L _U = (U ₀ ′/Y ₀ ′−K ₁ )Y′……(32) M _U =(U ₀ ′/Y ₀ ′+K ₁ )Y′……(33) L _V =(V ₀ ′/Y ₀ ′−K ₁ )Y′……(34) M _V =(V ₀ ′/Y ₀ ′+K ₁ )Y′……(35) Each of these calculation results is stored in RAM14, 15. ，
Write to addresses 0 to 255 of each of numbers 16 and 17, for example.

Therefore, the luminance signal in the input color video signal
By adding Y′ to RAM14-17 as a read address, L _U , M _U ,
L _V and M _V are read from each RAM, and the comparator 18,
19, 20, and 21 as one input. The color difference signal U' is supplied to the other inputs of the comparators 18 and 19, and when (U'>L _U ) (U'<M _U ), an output of "1" is generated, which is the AND signal. The signal is supplied to the gate 22. In other words, the output of the AND gate 22 is “1” when equation (30) holds true.
becomes. Further, the color difference signal V' is supplied to the other input of the comparators 20 and 21, and (V'>L _V )
When (V′<M _V ), an output of “1” is generated, and this is supplied to the AND gate 23. In other words, the output of the AND gate 23 becomes "1" when equation (31) holds true. Then, both outputs of the AND gates 22 and 23 are supplied to the AND gate 24, and from this AND gate 24, the key signal KEY
occurs.

This key signal KEY becomes "1" when the instantaneous values (Y', U', V') of the input color video signal at that time are within the shaded area in FIG. Although not shown, this key signal KEY is
After being subjected to waveform processing such as clipping and edge processing, it is supplied to a mixer circuit, where the foreground color video signal and background color video signal are mixed by switching or crossfading.

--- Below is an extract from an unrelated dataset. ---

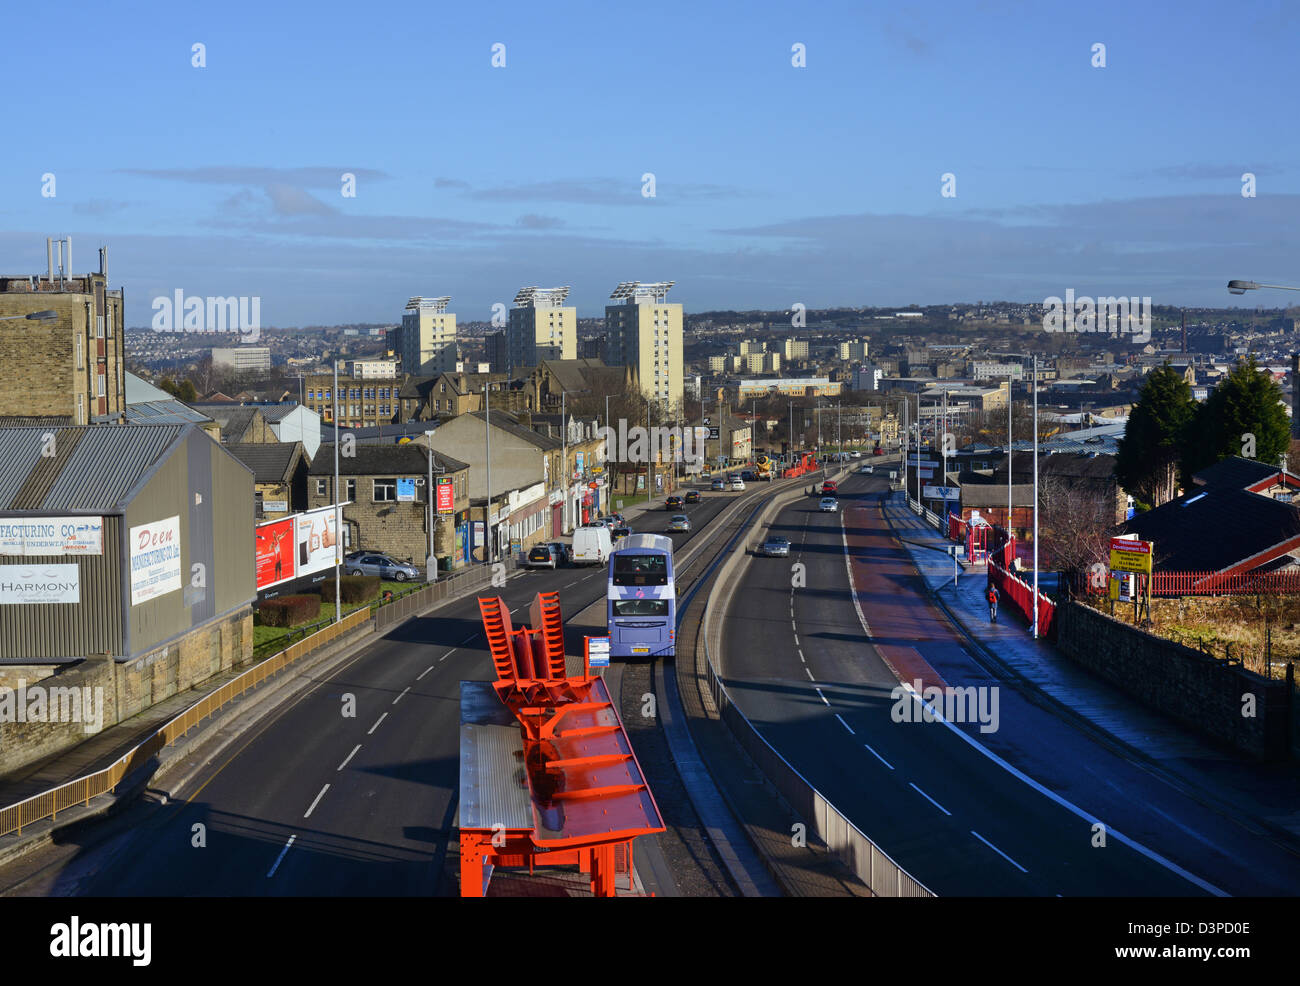 City of Bradford skyline, Yorkshire, United Kingdom Stock Photo

As can be understood from the above description, in the present invention, reference points (U ₀ , Since the key signal is generated based on a predetermined range of area centered on V ₀ ), the key signal can be generated accurately even if the foreground is uniformly illuminated and the back screen is uneven in color. In addition, the trajectories drawn by constant values of the color difference signal normalized by the luminance signal are orthogonal, and the area surrounded by these trajectories is uniform in the (u, v) chromaticity coordinate system with good uniformity. Therefore, the correspondence with visibility is improved, and it is also possible to freely select colors other than blue as the back screen, allowing the use of a back screen of a color appropriate to the subject.

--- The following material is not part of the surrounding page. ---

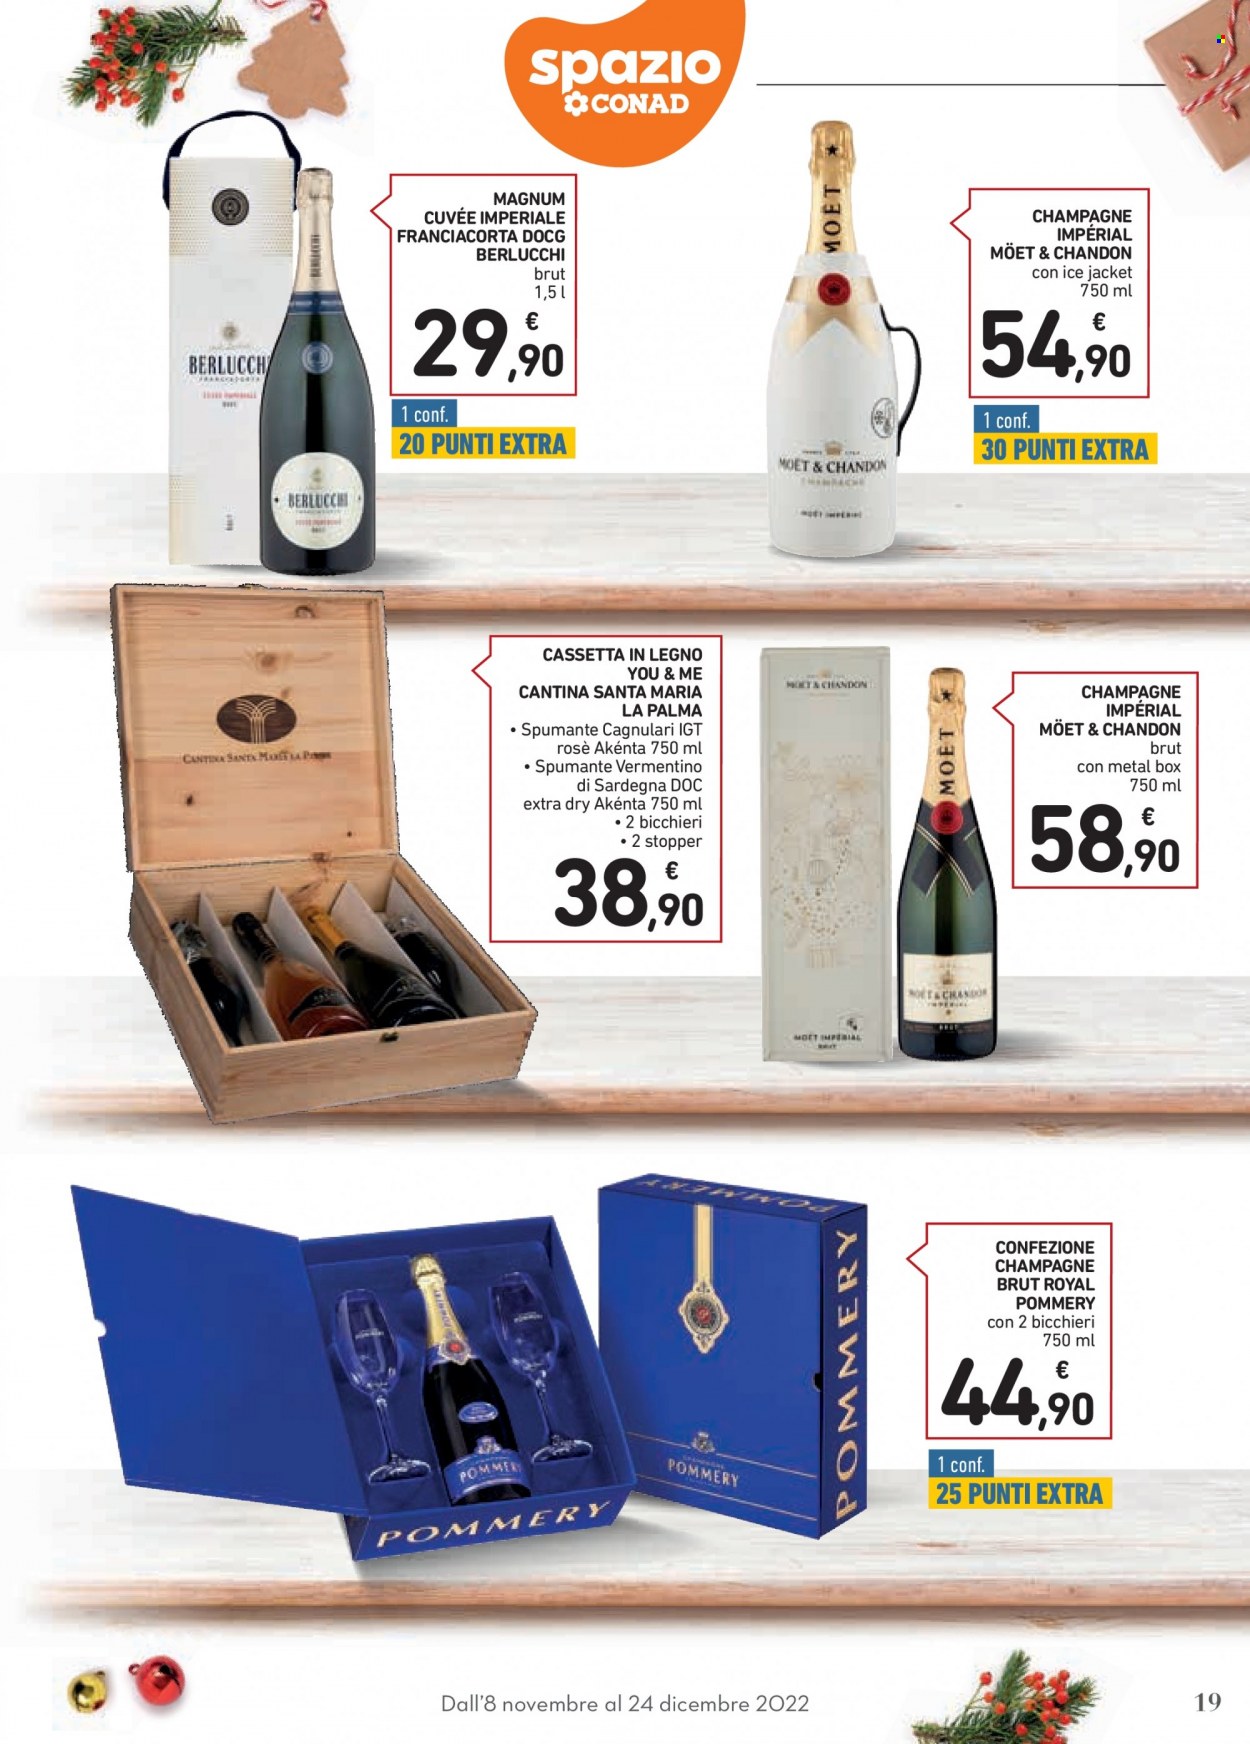 thumbnail - Volantino Conad - 8/11/2022 - 24/12/2022 - Prodotti in offerta - vino bianco, Spumante, Champagne, Moët & Chandon, vino, Vermentino, bicchieri. Pagina 19.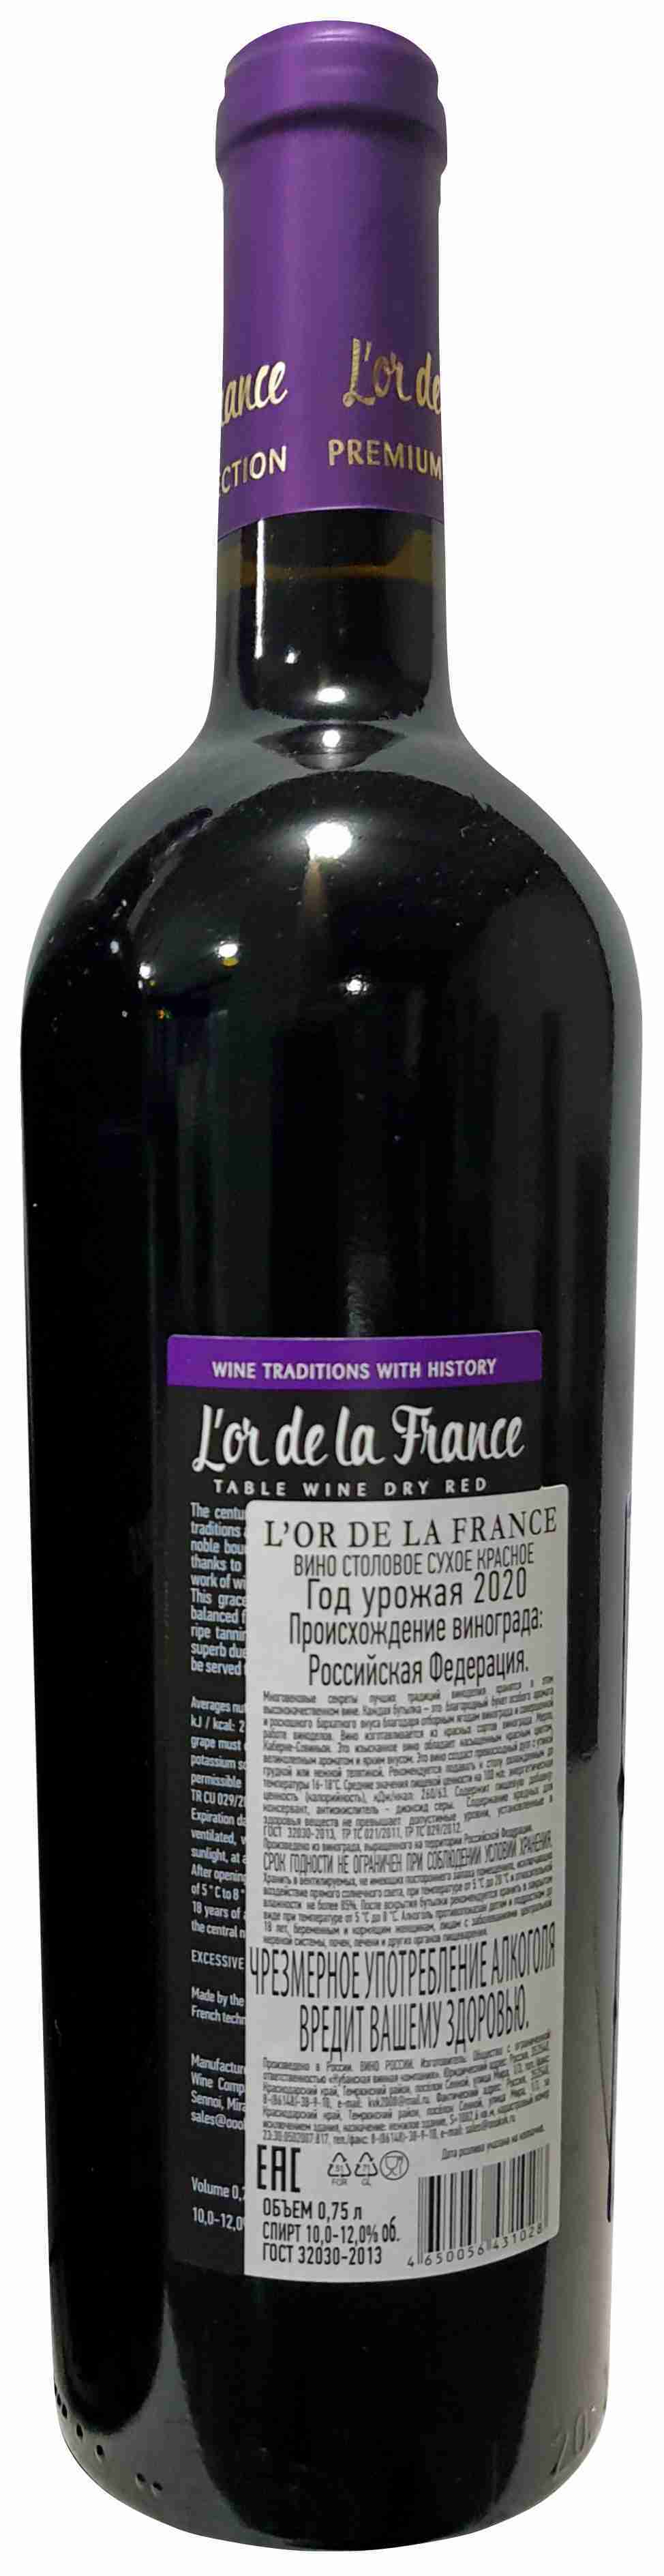 Lor de la France вино. Вино л видам столовое красное. Вино Chiloe Chile Syrah Merlot. Lor de la France вино цена.

[Brief explanation of the drawing]

Figures 1 and 2 are schematic diagrams of the chromakey device and diagrams used for its explanation, and Figure 3 depicts constant values of U/Y and V/Y on the (u, v) coordinates. Figure 4 is a diagram showing the locus of the (u, v) of the new color difference signal system (Y', U', V') in this invention.
A diagram showing the locus of constant values of U'/Y' and V'/Y' on the coordinates, Figure 5 is a diagram used to explain the key signal generation of this invention, and Figure 6 is this diagram. 1 is a block diagram showing an example of a key signal generating device to which the invention is applied. 8 is a back screen, 9 is a subject, 10 is a foreground, 11 is a background, 13 is a microprocessor, 1
8, 19, 20, and 21 are comparators.

Claims (1)

[Claims] 1 (u, v) When a color difference signal having a specific hue in the chromaticity coordinate system and a predetermined area range for this color difference signal are made the same color and a key signal is generated, the predetermined range is Normalized by the signal, this Y
A key signal generation method for a chromakey device, characterized in that an area normalized by the signal is made uniform in the coordinate system.